- [WHAT NEEDS TO BE DONE]
In the reply, include exactly the lines of the entries below from the first to the line with "Measured ingredients to", that line included.
++++ RECORD SET
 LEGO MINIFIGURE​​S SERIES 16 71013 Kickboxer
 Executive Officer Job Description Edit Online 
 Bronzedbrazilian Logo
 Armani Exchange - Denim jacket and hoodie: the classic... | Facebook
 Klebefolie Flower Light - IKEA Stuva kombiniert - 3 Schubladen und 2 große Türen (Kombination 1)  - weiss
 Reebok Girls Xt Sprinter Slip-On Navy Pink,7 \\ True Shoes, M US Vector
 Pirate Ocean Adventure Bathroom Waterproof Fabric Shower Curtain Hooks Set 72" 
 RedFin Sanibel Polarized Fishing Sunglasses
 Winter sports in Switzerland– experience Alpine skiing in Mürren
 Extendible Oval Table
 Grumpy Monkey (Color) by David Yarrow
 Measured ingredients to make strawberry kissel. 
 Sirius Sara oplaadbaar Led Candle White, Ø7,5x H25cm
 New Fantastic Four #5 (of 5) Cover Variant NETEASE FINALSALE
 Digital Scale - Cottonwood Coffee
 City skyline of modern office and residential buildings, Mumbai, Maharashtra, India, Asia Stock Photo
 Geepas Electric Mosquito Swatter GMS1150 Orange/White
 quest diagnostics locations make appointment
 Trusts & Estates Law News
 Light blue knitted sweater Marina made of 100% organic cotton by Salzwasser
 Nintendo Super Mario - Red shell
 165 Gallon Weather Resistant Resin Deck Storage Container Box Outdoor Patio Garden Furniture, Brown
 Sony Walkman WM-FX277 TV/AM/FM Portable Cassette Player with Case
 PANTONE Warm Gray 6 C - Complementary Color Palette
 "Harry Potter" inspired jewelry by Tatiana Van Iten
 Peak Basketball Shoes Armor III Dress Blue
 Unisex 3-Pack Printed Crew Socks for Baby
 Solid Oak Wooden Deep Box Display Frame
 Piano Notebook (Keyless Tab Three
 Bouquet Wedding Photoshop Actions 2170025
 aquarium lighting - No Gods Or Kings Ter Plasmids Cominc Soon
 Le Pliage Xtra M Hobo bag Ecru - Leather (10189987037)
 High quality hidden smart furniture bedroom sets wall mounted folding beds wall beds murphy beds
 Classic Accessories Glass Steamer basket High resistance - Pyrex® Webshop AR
++++++++
- [SOLUTION TO THE PROBLEM]
 LEGO MINIFIGURE​​S SERIES 16 71013 Kickboxer
 Executive Officer Job Description Edit Online 
 Bronzedbrazilian Logo
 Armani Exchange - Denim jacket and hoodie: the classic... | Facebook
 Klebefolie Flower Light - IKEA Stuva kombiniert - 3 Schubladen und 2 große Türen (Kombination 1)  - weiss
 Reebok Girls Xt Sprinter Slip-On Navy Pink,7 \\ True Shoes, M US Vector
 Pirate Ocean Adventure Bathroom Waterproof Fabric Shower Curtain Hooks Set 72" 
 RedFin Sanibel Polarized Fishing Sunglasses
 Winter sports in Switzerland– experience Alpine skiing in Mürren
 Extendible Oval Table
 Grumpy Monkey (Color) by David Yarrow
 Measured ingredients to make strawberry kissel. 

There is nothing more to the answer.